Data Access Filters - rev 206

The documentation on this page corresponds to rev 206 (August 2016) of the tools suite. See Older Versions for documentation on earlier releases of this suite.

Release Designation

The data-access filtering in rev 206 (August 2016) is designated Alpha software.

See Release Designations for the meaning of this designation.

Summary

Traditional access control frameworks provide strong protections for data and the management of which users can modify that data. The data-access filtering introduced in ODK 2.0 is weaker. When syncing devices with the server, all data rows for all data tables are sync'd and shared across all devices. Every device gets a full copy of all data. Data-access filtering enables a supervisor to restrict the visibility of that data and to manage who can modify or delete the data through the programmatic means provided by the ODK 2.0 tools.

This is weaker than traditional access control frameworks in that application designers can:

  • circumvent via software. There are specific ways in which application designers can write their applications to defeat these filters. When those mechanisms are not employed, data-access filtering provides equivalent policy enforcement to that of a traditional access control framework.
  • circumvent via external access. The data and attachments are stored as plaintext on the device. Anyone can copy this data off of the device and access it, or write their own apps and directly modify it.

It is important to understand these limitations when designing your applications.

Overview

By default, all tables can be altered by all users.

The ODK 2.0 data access filtering mechanism relies on 5 interacting features that have been added in rev 206:

  1. Verified user identities
  2. Verified user capabilities.
  3. Table-level security configuration (e.g., whether data in the table can be modified by unprivileged users).
  4. row-level access filters (e.g., to specify whether a row is visible to a given user.
  5. sync status of the individual row

Verified User Identities

Enforcing restrictions on who can see or modify data requires that the identity of the user has been verified.

Beginning with this release, when configuring the Server Settings, any changes to any of the settings (i.e., the server URL, type of credential (or anonymous access), username, password or gmail account) will clear any prior user identity and capability information and flag the user identity as unverified.

When leaving the Server Settings screen, a user-verification screen will then be presented:

Clicking the Verify User Permissions button on this screen will initiate a series of requests to the configured server. These requests verify that the server URL is correct, that the server works with this application name, and then verifies the username and password or gmail account that has been configured on the Server Settings page.

If no server sign-on credential was specified (i.e., anonymous access was selected), the user identity will remain unverified.

Otherwise, upon successful completion of this interaction, the user identity will become verified, and the system will internally record this user identity and use it when evaluating whether data is visible and/or modifiable.

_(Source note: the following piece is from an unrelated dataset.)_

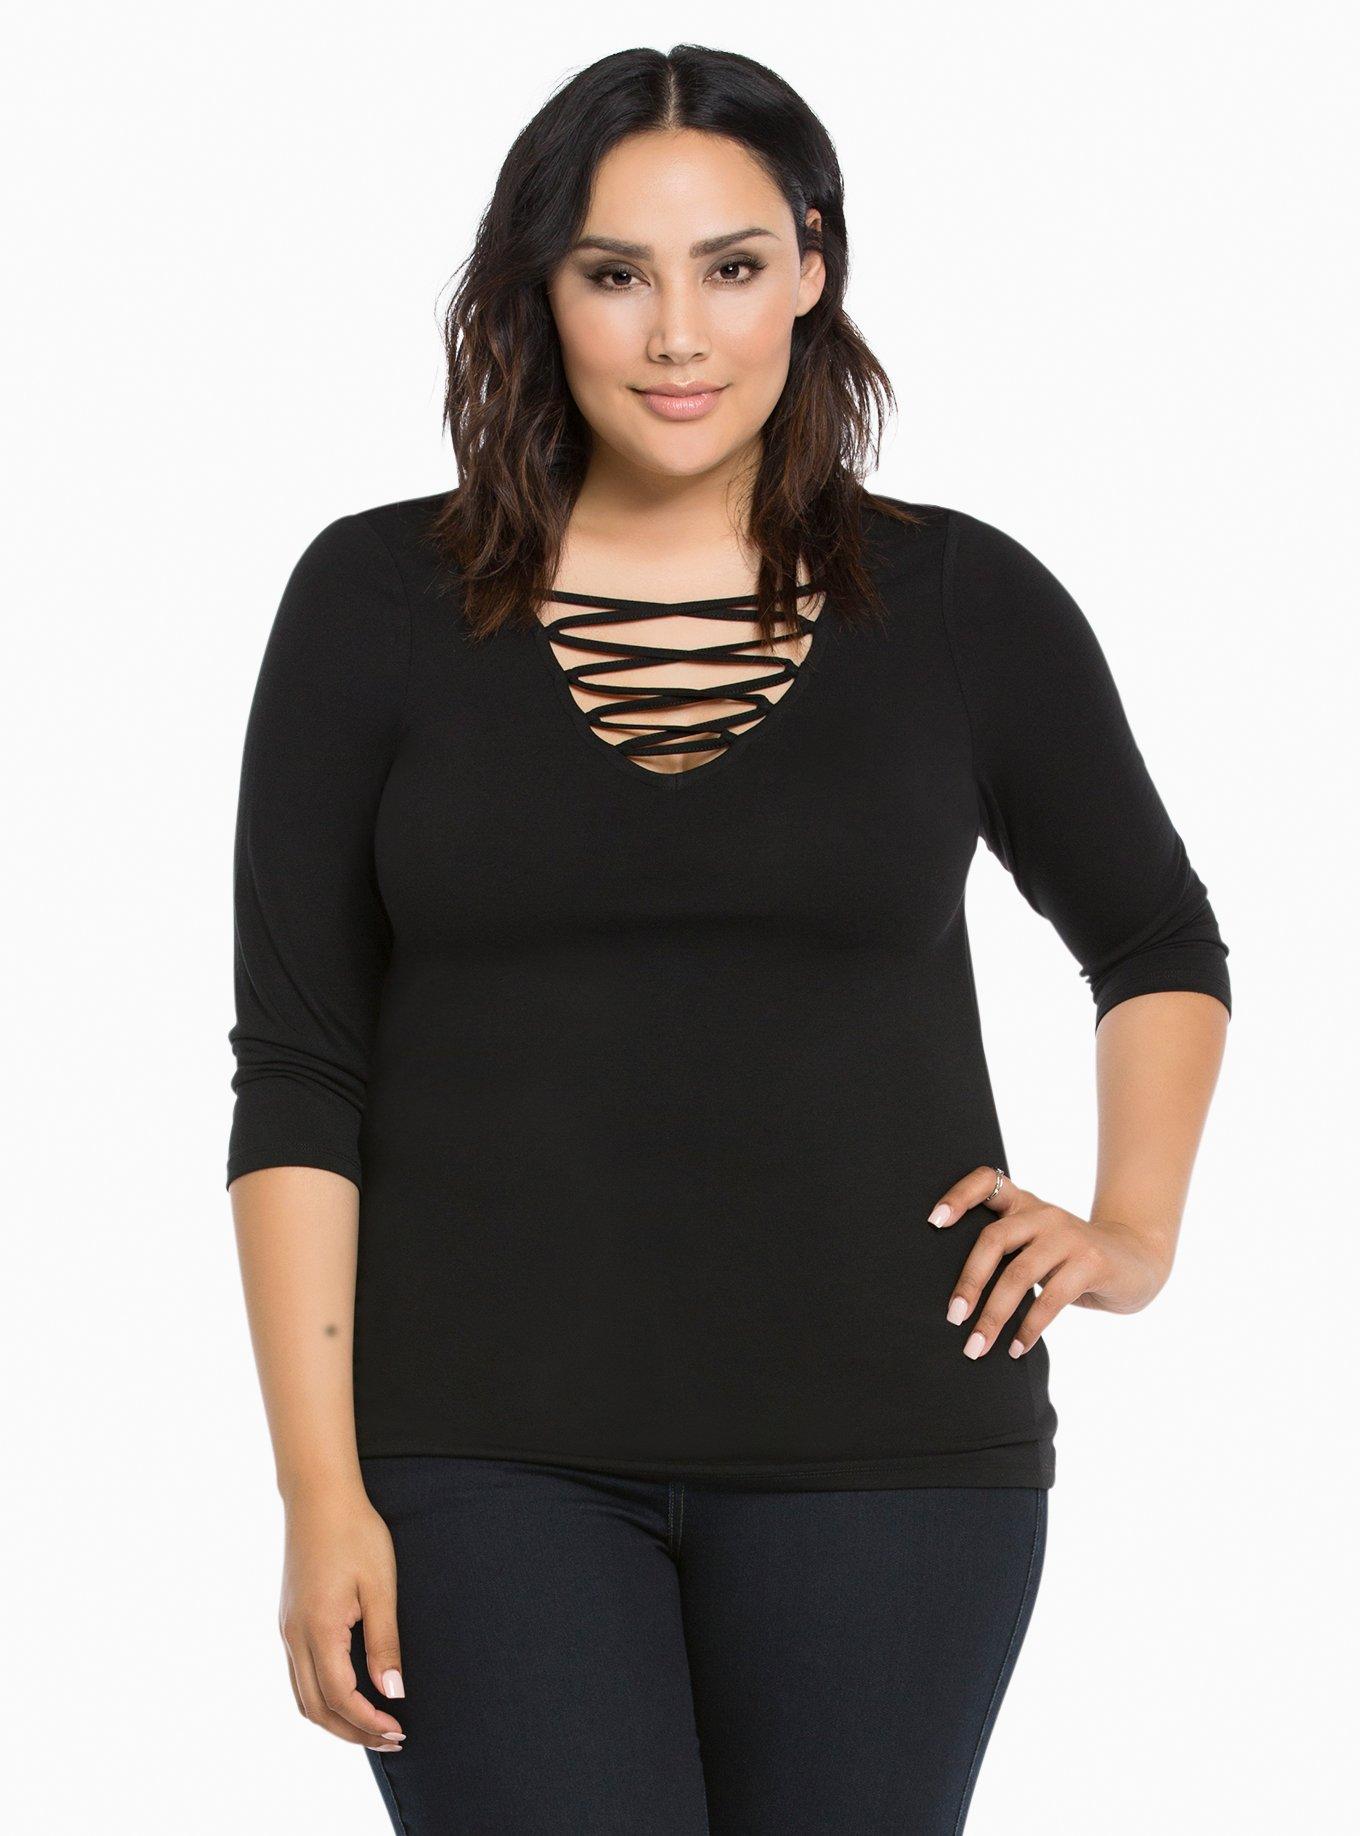 Plus Size Low-Cut Cleavage Wide Band V-Neck T-Shirt Short Sleeve Tee Top

Verified user Capabilities

As part of the user-verification process, once a user identity has been verified, the list of capabilities assigned to that user, on that server, is downloaded and internally recorded.

For the purposes of the data access filtering mechanism, there are 3 user capabilities of interest:

  • ROLE_USER -- an ordinary user on the system.
  • ROLE_SUPER_USER_TABLES -- a privileged user who can edit all rows, change how rows are visible, and change who has special permission to edit a given row.
  • ROLE_ADMINISTER_TABLES -- a privileged user who can Reset App Server and who can edit all rows, change how rows are visible, and change who has special permission to edit a given row.

Inside ODK Survey and ODK Tables web pages, the capabilities of the current verified user are available in Javascript via the API:

odkData.getRoles(function(result) {
     var roles = result.getRoles();
     // roles is an array of capabilities granted to the verified user. 
     // It will be null for anonymous and unverified users.
  }, function(errorMsg) {
     // error handler
  });

Finally, after the identity and capabilities of the user are established, the server is asked for the list of all configured users and their capabilities.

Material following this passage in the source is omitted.